Banking sources working on the two blank-cheque, or special purpose acquisition companies (SPACs), said Dutch regulations were closest to rules in the United States, making it easier to appeal globally.

In the euro-denominated interest rate swaps market, platforms in Amsterdam and New York have grabbed the bulk of business lost by London, whose share fell from just under 40% in July to just over 10% in January, IHS Markit data shows.

That made the Dutch capital the biggest player, an advance from last July when platforms in the city commanded just 10% of the market.

Amsterdam will also become home to the European carbon emissions trading, worth a billion euros a day in trading volumes, when the Intercontinental Exchange (ICE) moves the market from London later this year.

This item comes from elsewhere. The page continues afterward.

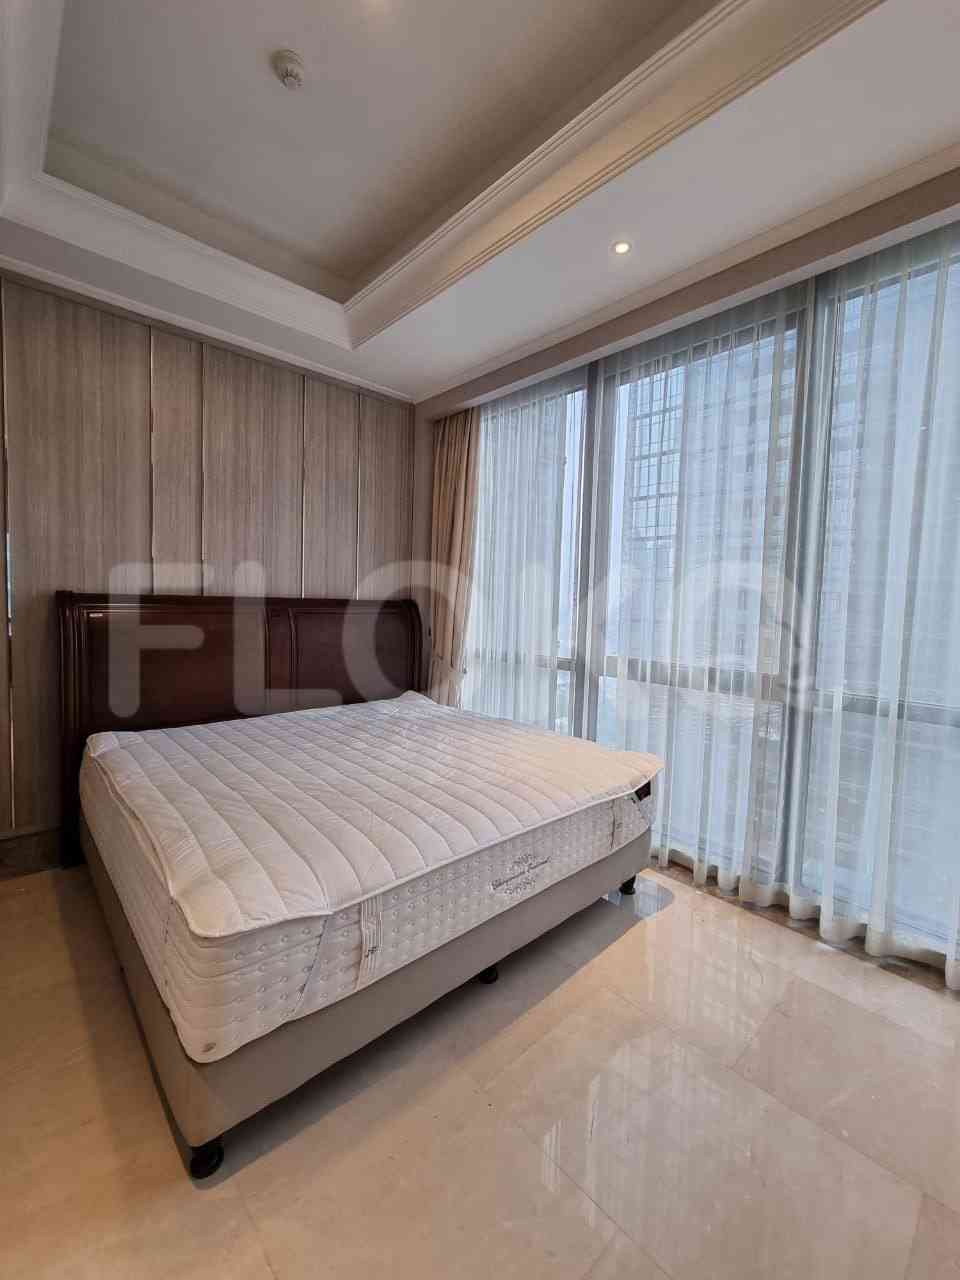 2 Bedroom on 21st Floor for Rent in District 8 - fsec20 7

The Netherlands Foreign Investment Agency, which began analysing where Amsterdam could capitalise after Britain’s 2016 decision to leave the EU, said it had identified certain financial sectors where it believed it could have an edge.

“We focused on specialist areas ... that were trading and fintech,” said spokesman Michiel Bakhuizen, adding that the city played up the strength of its low-latency digital trading infrastructure.

“The big investment banks were always going to move to Frankfurt and Paris because of the Dutch legislation that is in place for bank bonuses,” he added, referring to a 2015 law limiting variable pay to a maximum of 20% of base salary.

This drive to focus on specialist areas rather than appeal more broadly could be reflected in the number of companies relocating.

In response to Brexit, 47 firms have shifted operations entirely or partly to Amsterdam from London, according to preliminary data compiled by New Financial, a think-tank.

That is lower than the 88 firms that have moved business to Paris and the 56 to Frankfurt.

Companies to have shifted operations to the Netherlands include CME, MarketAxess and Tradeweb. A handful of asset managers and banks including Commonwealth Bank of Australia are also relocating there.

By contrast, those firms that have moved departments and staff to Frankfurt have mainly been big investment banks, including JP Morgan, Citi and Morgan Stanley, while Paris has mostly welcomed banks and asset managers, according to New Financial.

William Wright, New Financial’s managing director, notes that although fewer firms have made the move to Amsterdam, the city’s share “is highly concentrated by sector, with Amsterdam having a clear lead in areas like broking, trading, exchanges and fintech”.

Amsterdam’s apparent success, however, may be flattered because Brexit has so far hit trading hardest, and such business may be easier to move.

“The early data on the impact of Brexit is mainly trading-based, hence Amsterdam looks like it is doing particularly well,” Wright added. “And I’m not making a call on Amsterdam for IPOs yet as I think it’s way too early.”

Sander van Leijenhorst, Brexit programme manager at the AFM Dutch financial regulator, said authorities would actually have preferred London retaining its dominance because of the efficiencies that come from concentrating everything in a single European hub, he said.

But once the implications of Brexit became clearer, it was obvious that Amsterdam - home to the world’s oldest stock exchange - would appeal, he added.

“There was already a group of traders here. They tend to come together, they tend to flock together.”